### Exercise
Quote the listing below in full and exactly as written, but omit every picture.

### Material provided
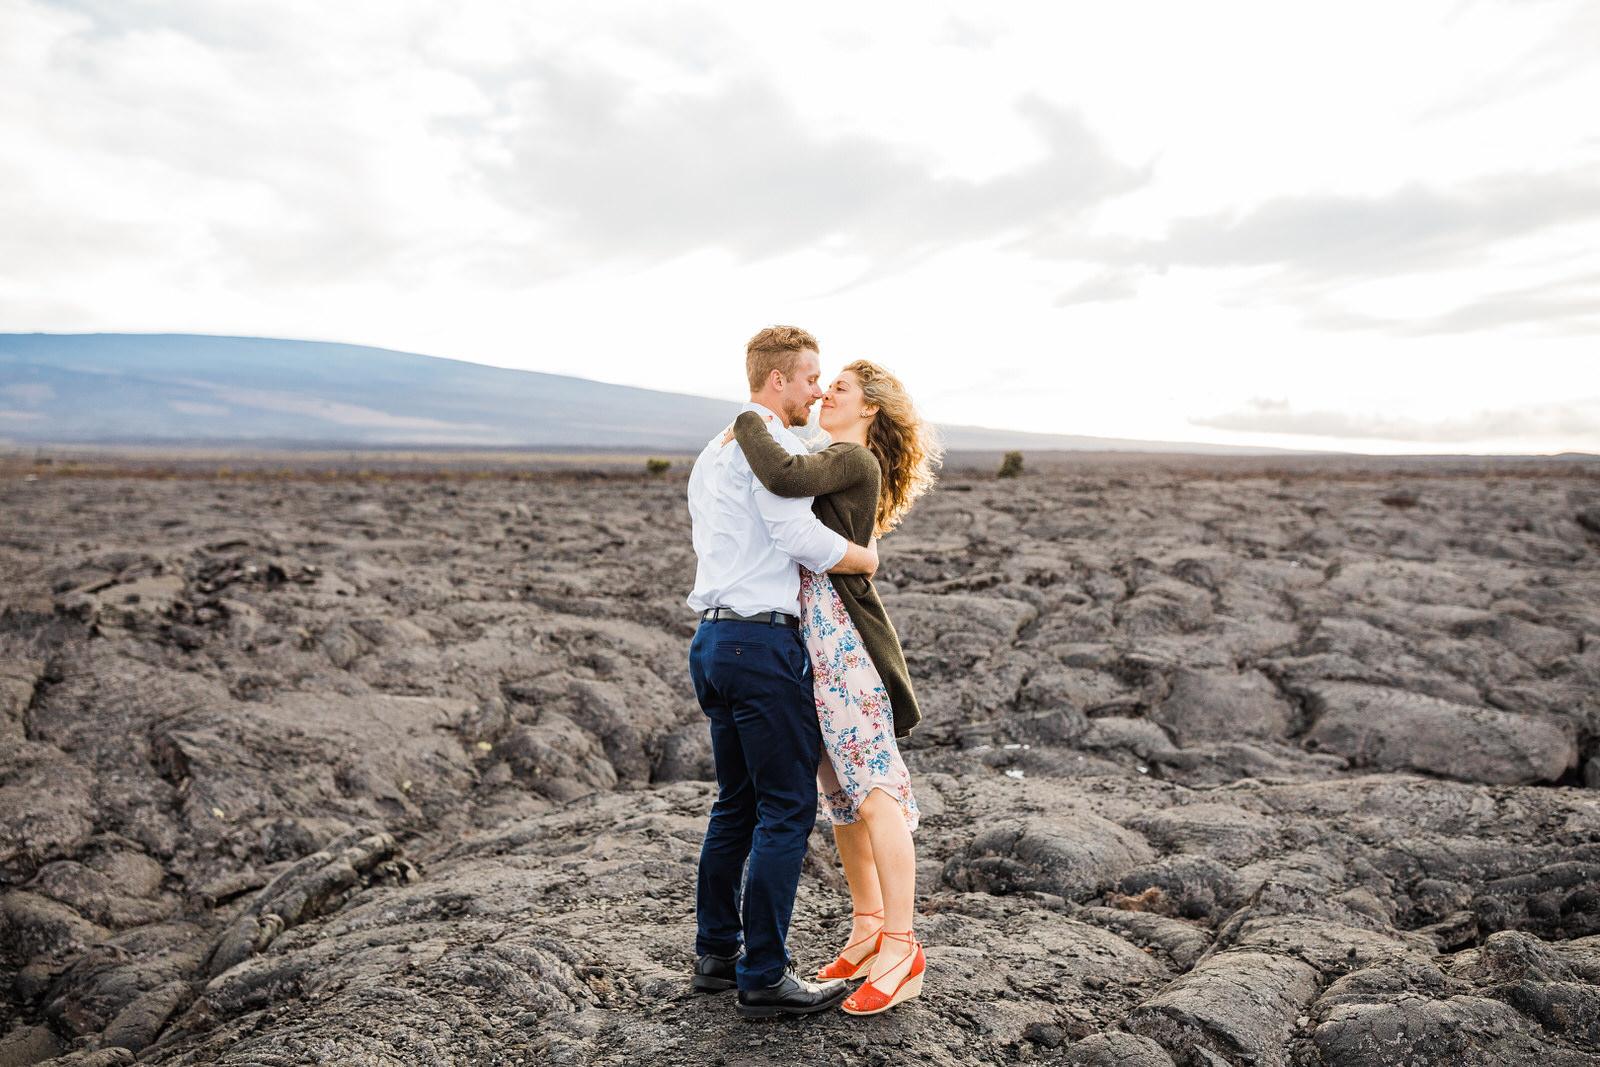 engagements-hilo-happy-couple-big-island-hawaii-7.jpg
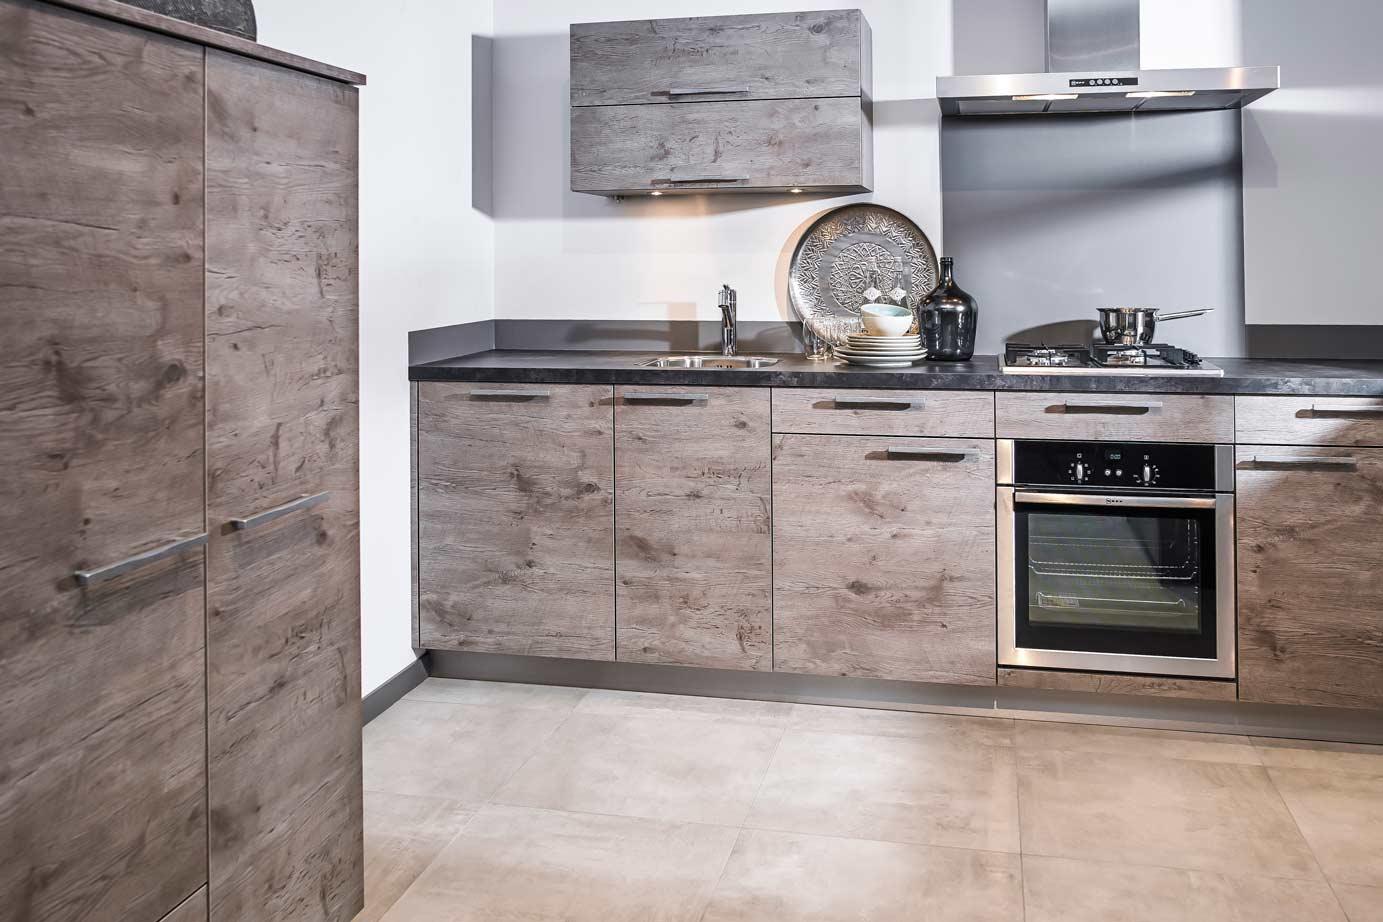 Keuken Moderne Klein : Moderne rechte keuken past in kleine keuken ruimte db keukens
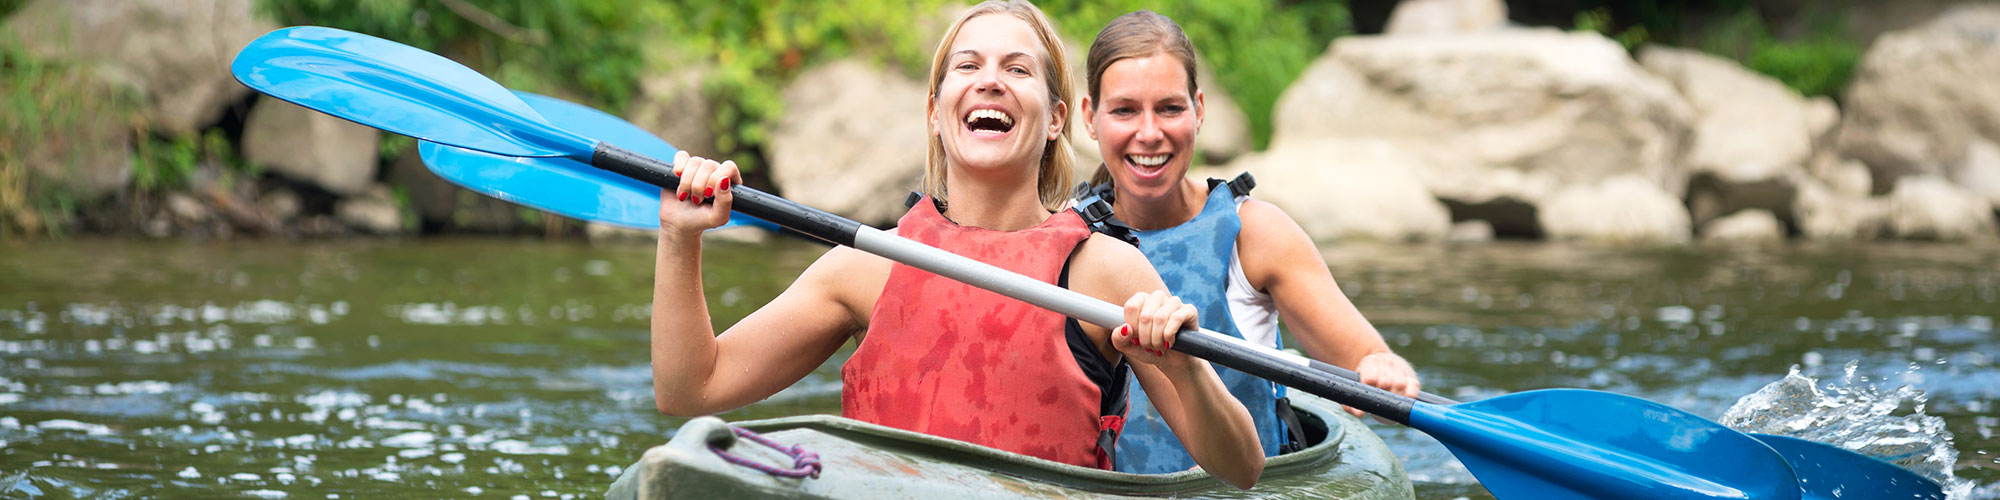 Sports & Adventure Tours in Lanka
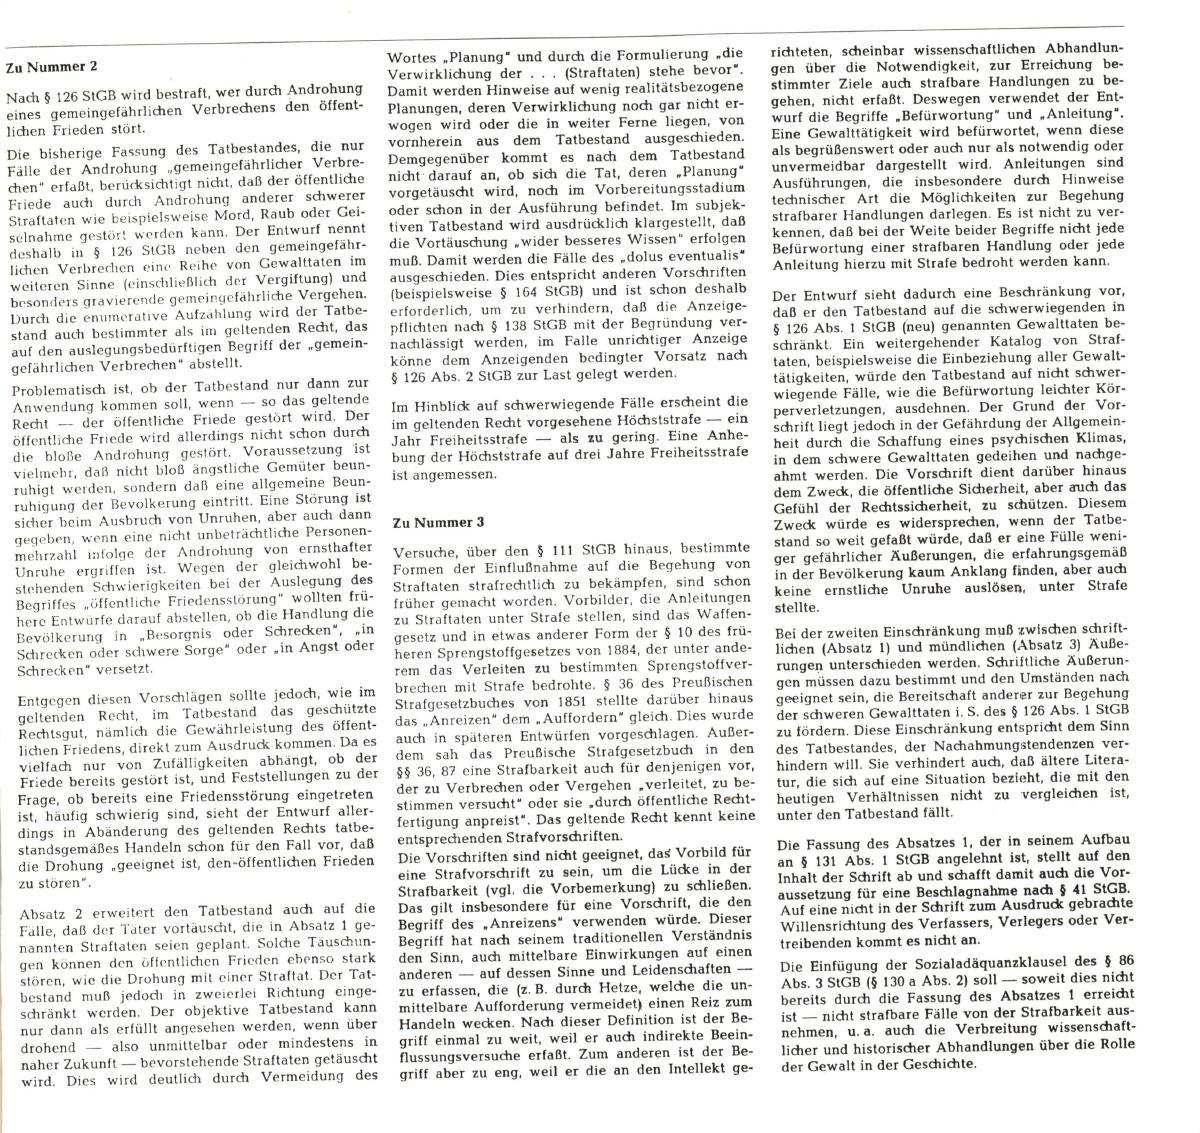 REP_VLB_1976_Die_Zensurgesetze_50

### Solution to the problem
 engagements-hilo-happy-couple-big-island-hawaii-7.jpg
 Keuken Moderne Klein : Moderne rechte keuken past in kleine keuken ruimte db keukens
 Sports & Adventure Tours in Lanka
 REP_VLB_1976_Die_Zensurgesetze_50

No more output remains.